别看程道士文不能文武不能武,弱不禁风,只能在背后给别人贴黄符的落魄模样,他对剑法棍法颇有自己一套心得,可谓是触类旁通举一反三,抓关键一抓一个准,照着藏书阁里的武林宝典,把小阿陀教得有模有样。

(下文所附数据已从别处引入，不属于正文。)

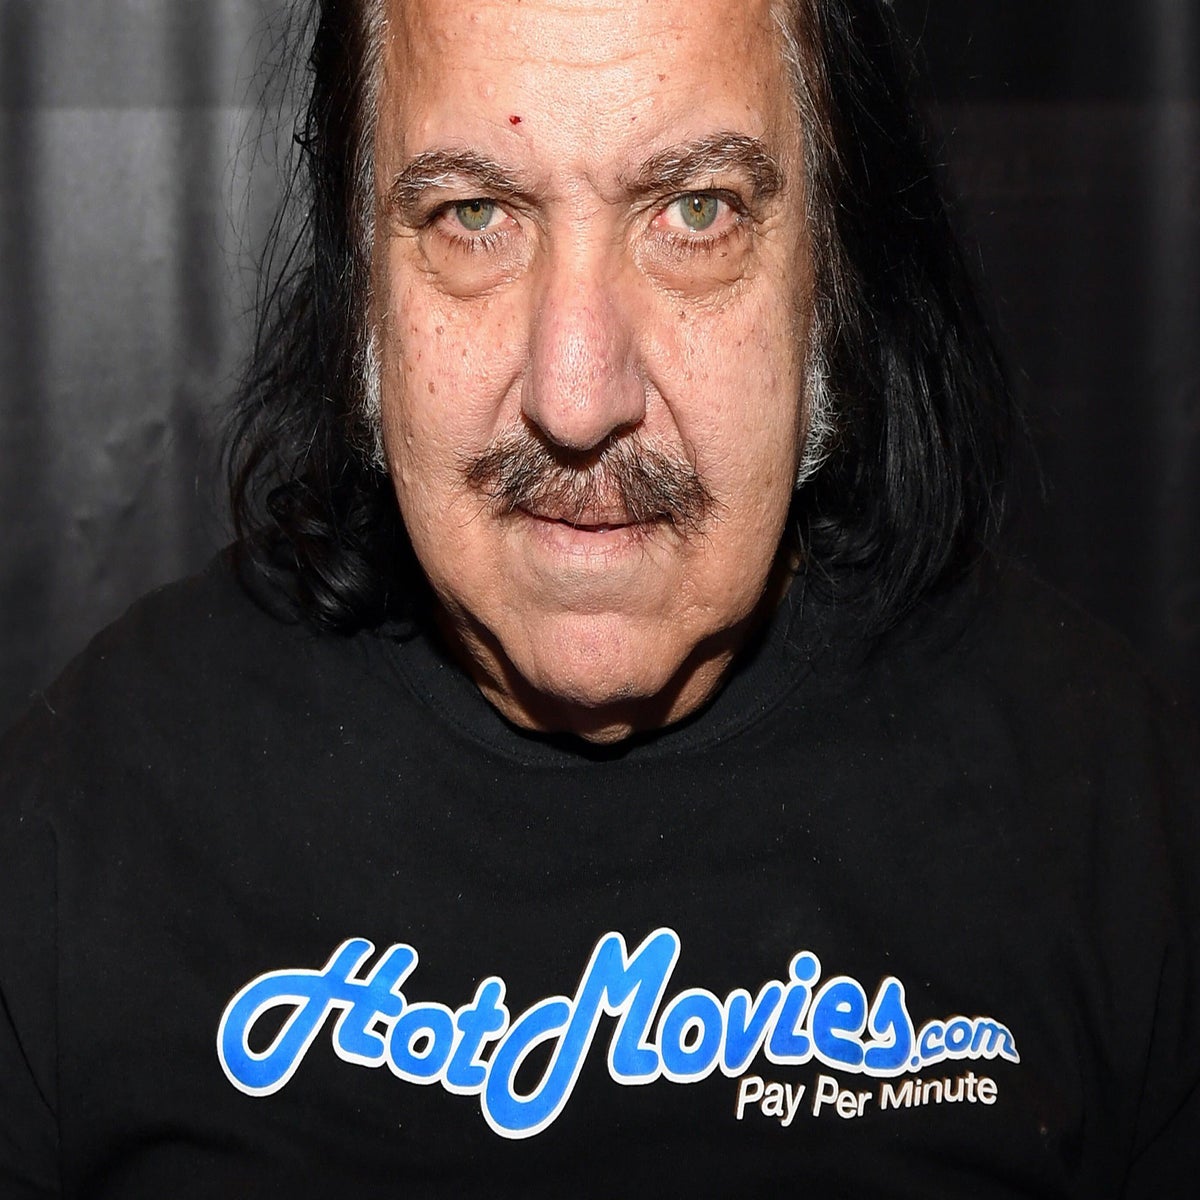 Xxx Indian Painful Gang Rape - Ron Jeremy is 'monster' who struggled to separate porn from reality,  victims claim | The Independent

至少,陀公子的招式不再那么让人一言难尽了,还隐约有绝世大侠的雏形。
一大一小在玉舒山的前院挥洒汗水,珍惜光阴,顺带给窝树下打盹儿的阿罗制造点噪音。
然后大的那个就突然不见了。
雁殊总是满山找他的程道士,程恩总是各种地点被他家仙君捞走。知道多了两个小的,程恩好说歹说,说服了他家仙君以后行房事需回房,雁殊最后愉快地同意了,结果就是俩人连着三天未踏出过房门半步。
程恩深刻地认识到雁殊对这种事情是多么地毫不节制。
不知道仙是怎么算的,失了过多肾水会不会有不良的影响。
“我已经没有体力了。”程恩软了吧唧地趴着道。
一切都结束之后,程道士差点儿失去意识,雁殊揉了揉眉心,用了个法术把他俩收拾妥当,吻了吻程恩的额头,有点不舍,“我出去一会儿。”

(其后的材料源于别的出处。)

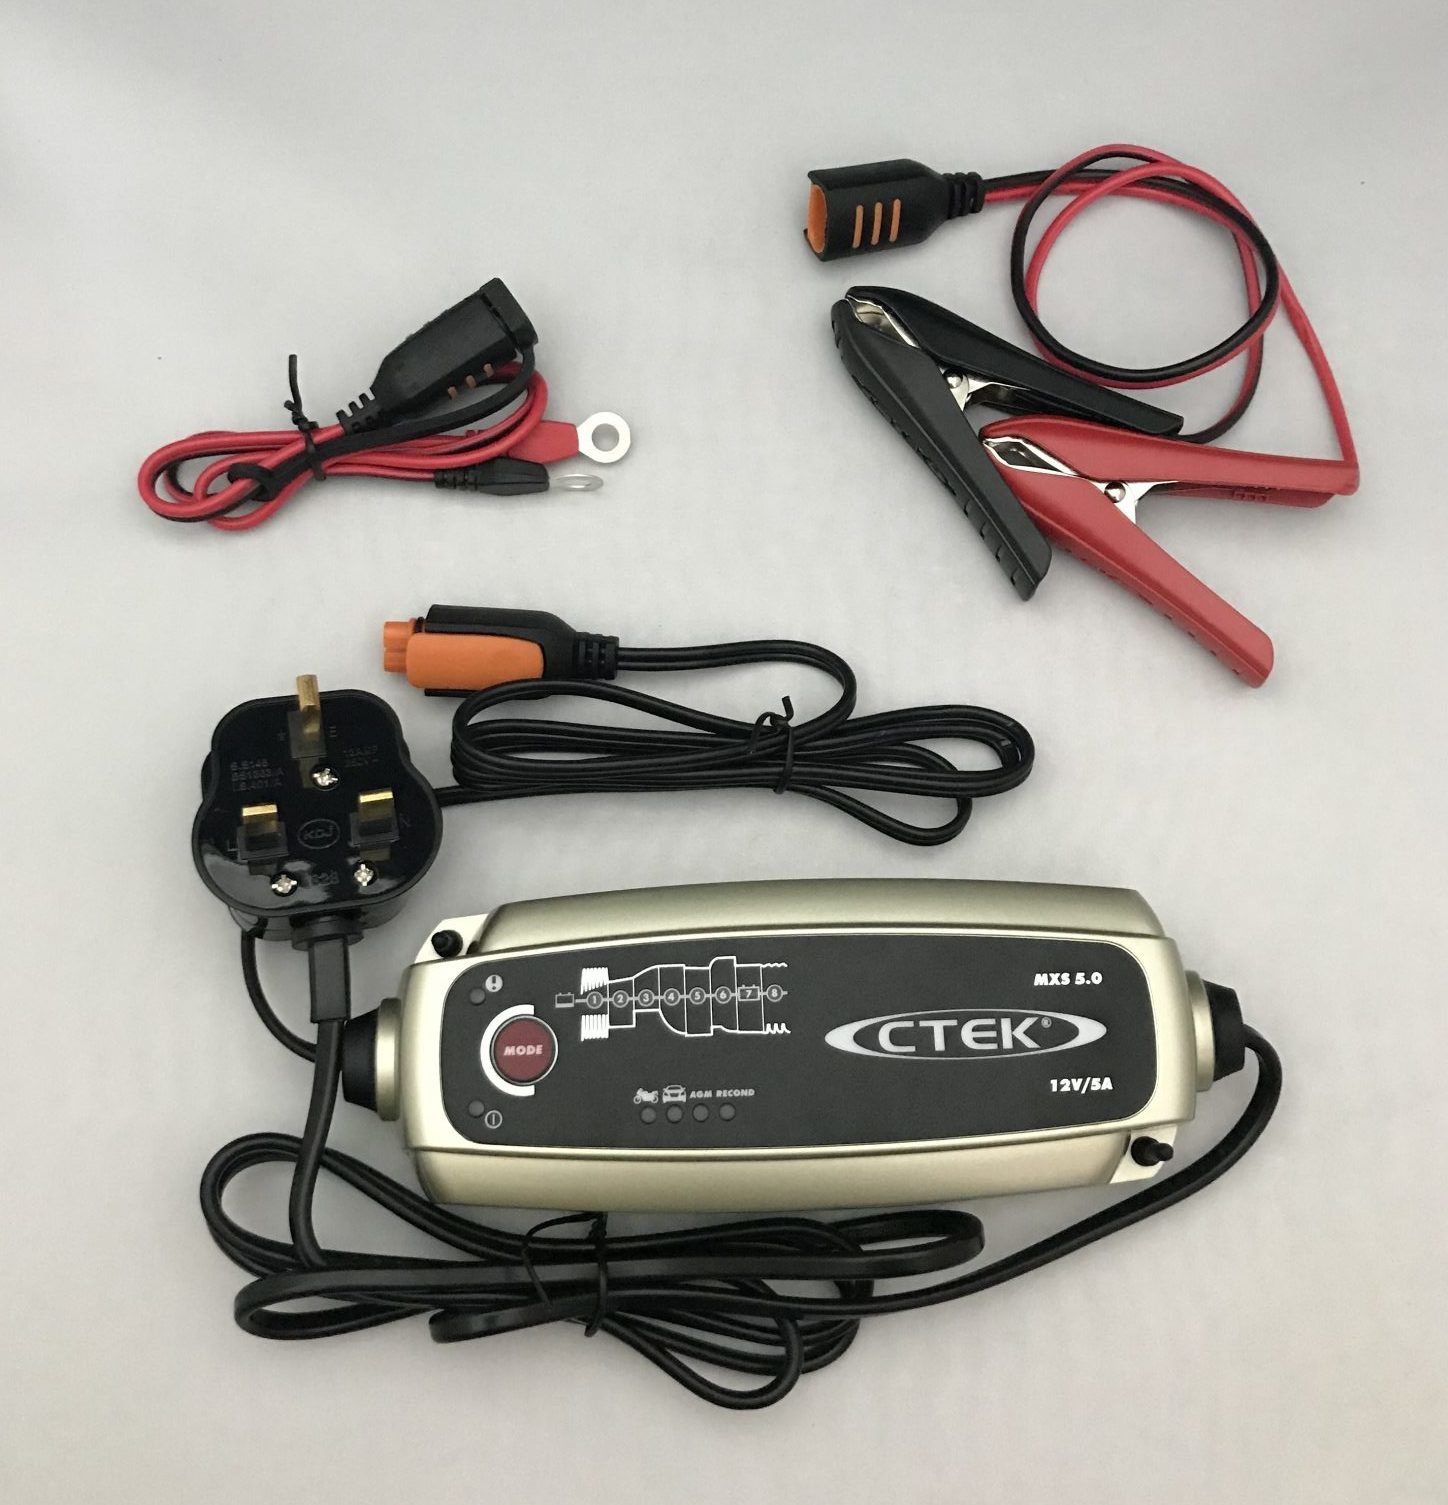 CTEK MXS 5.0 BATTERY CHARGER AND MAINTAINER

程恩懒洋洋地摆摆手,“嗯。”他来这里差不多十日了,没见雁殊出去过,仙君总是想方设法折腾他。如果不是行动不便,他想爬起来高歌一曲。
雁殊见程恩没有一点没有舍不得自己的样子,霎时就不肯走了。
程恩纳闷极了,这仙说走怎么一直赖着呢。然后雁殊凑了过去,使小性子道:“亲我。”
抓过雁殊吧啃了一口,连哄带骗,对天发誓,下了三份自己一定在家好好等他的保证书,雁殊才完成了出门的任务。
程恩捶着腰出来,宛若新生。软风一吹,风口处,室内暧昧的气味吹散,。正巧碰见窗台下的两只豆丁,屏气凝神,好奇朝里张望。

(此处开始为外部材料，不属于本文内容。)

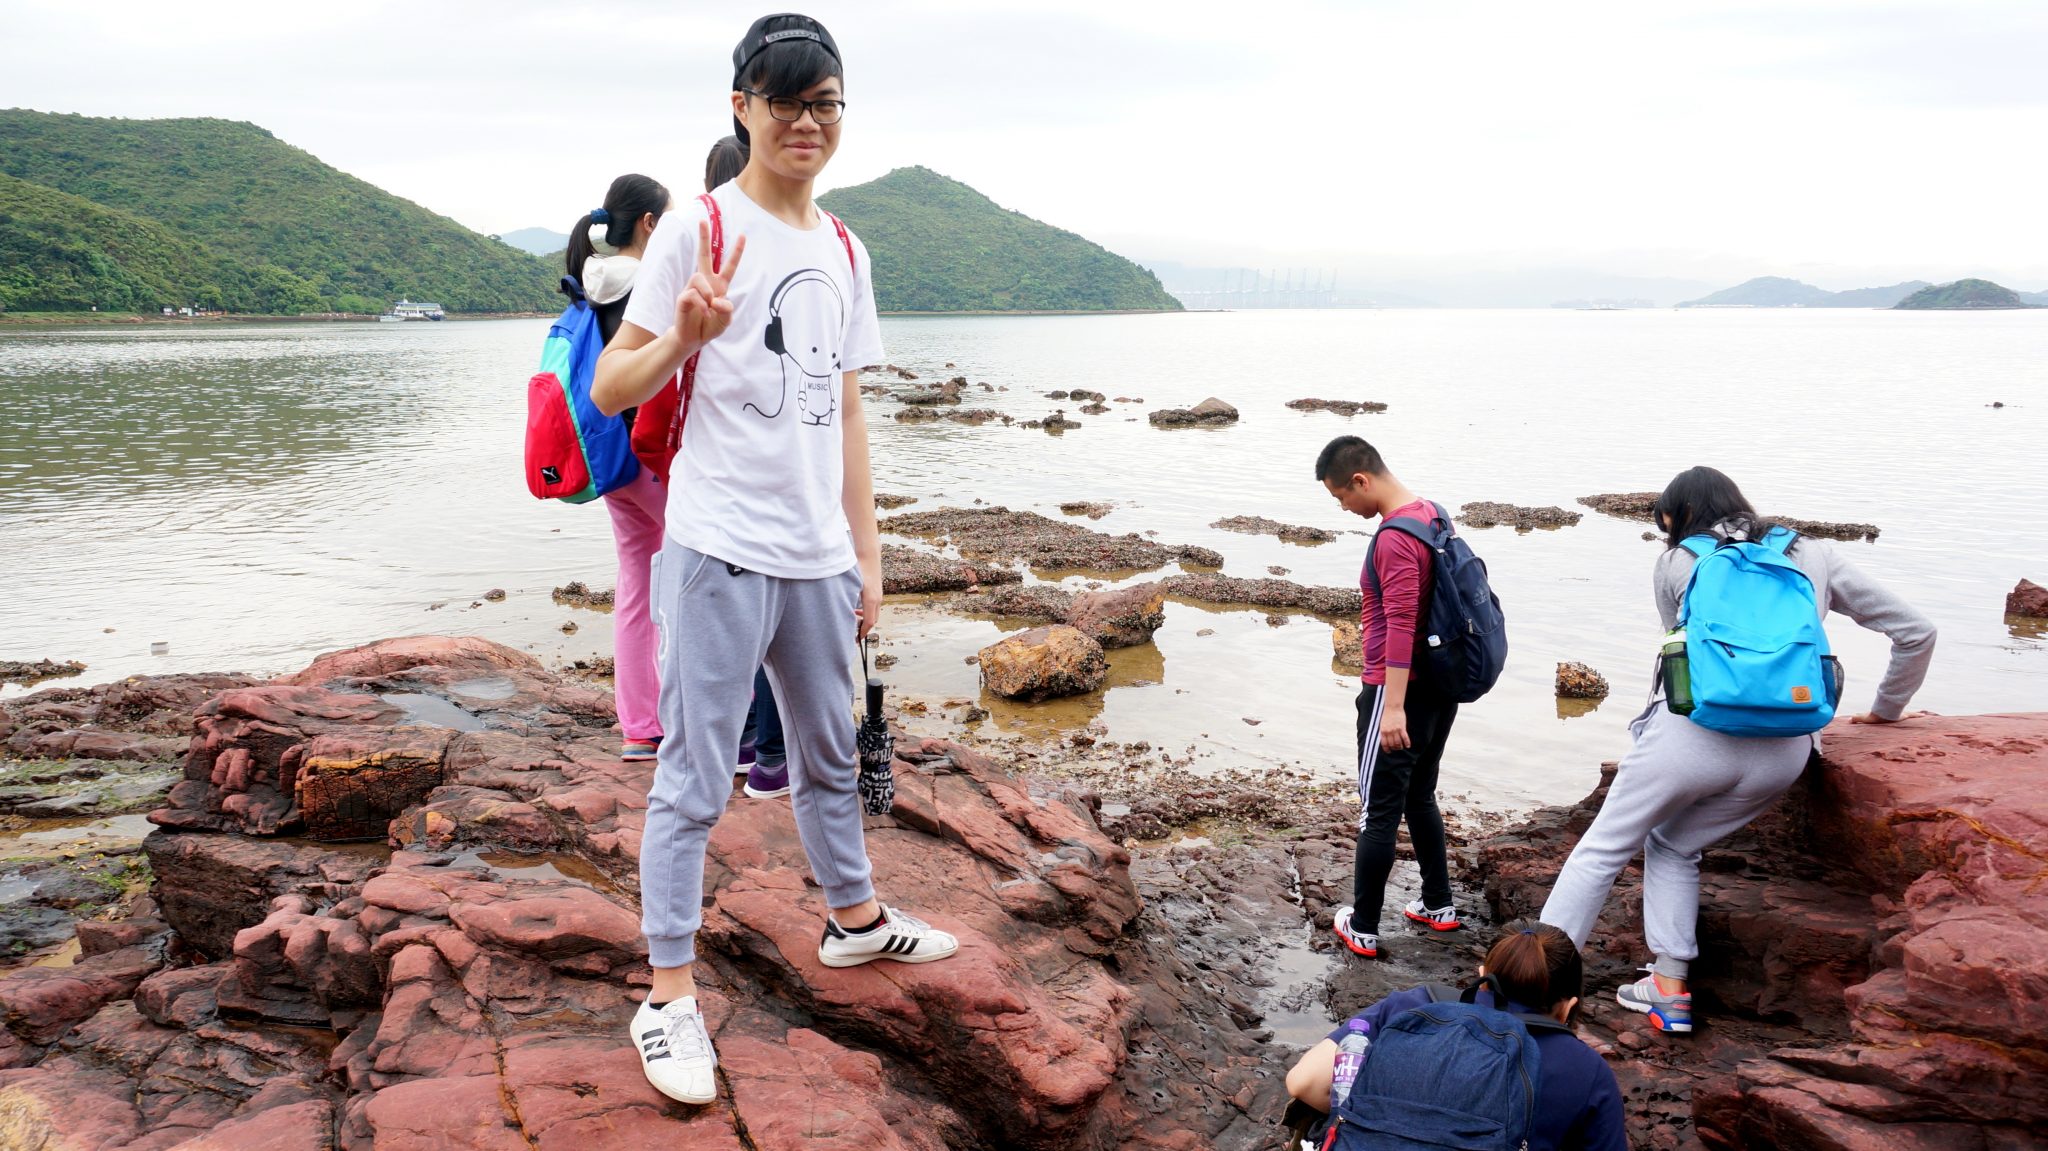 Students felt very excited to see different geological features along the coast of northeastern Hong Kong. 同學們看到香港東北海岸不同的地質特徵感到很興奮。

程恩这才反应过来又被这两个小祖宗听了墙角,老脸一红,尤其是听到啊陀问:“大侠,你跟我们君上一直在做什么?”
程恩:“……”
程道士活了那么久,总算知道丢脸二字如何书写。他捋平了不整的衣裳,只能不自然地嘿嘿笑道:“额,我跟你们仙君培养感情呢……”
阿罗抬起头,满眼好奇:“阿罗可以看吗?”
程恩:“……”
程恩抓了抓有点凌乱的头发,道:“不太好不太好,不能让旁人看的,哈哈……”
阿陀推了推阿罗,道:“都跟你说了,这样子的事情是不能看的,我记得轻灵娘子就说过大仙们行云雨之事是不能看的。”
程恩内心顿时惊涛骇浪。
阿罗有些遗憾:“可是好像挺好看的……”
程恩大家长的做派装不下去了。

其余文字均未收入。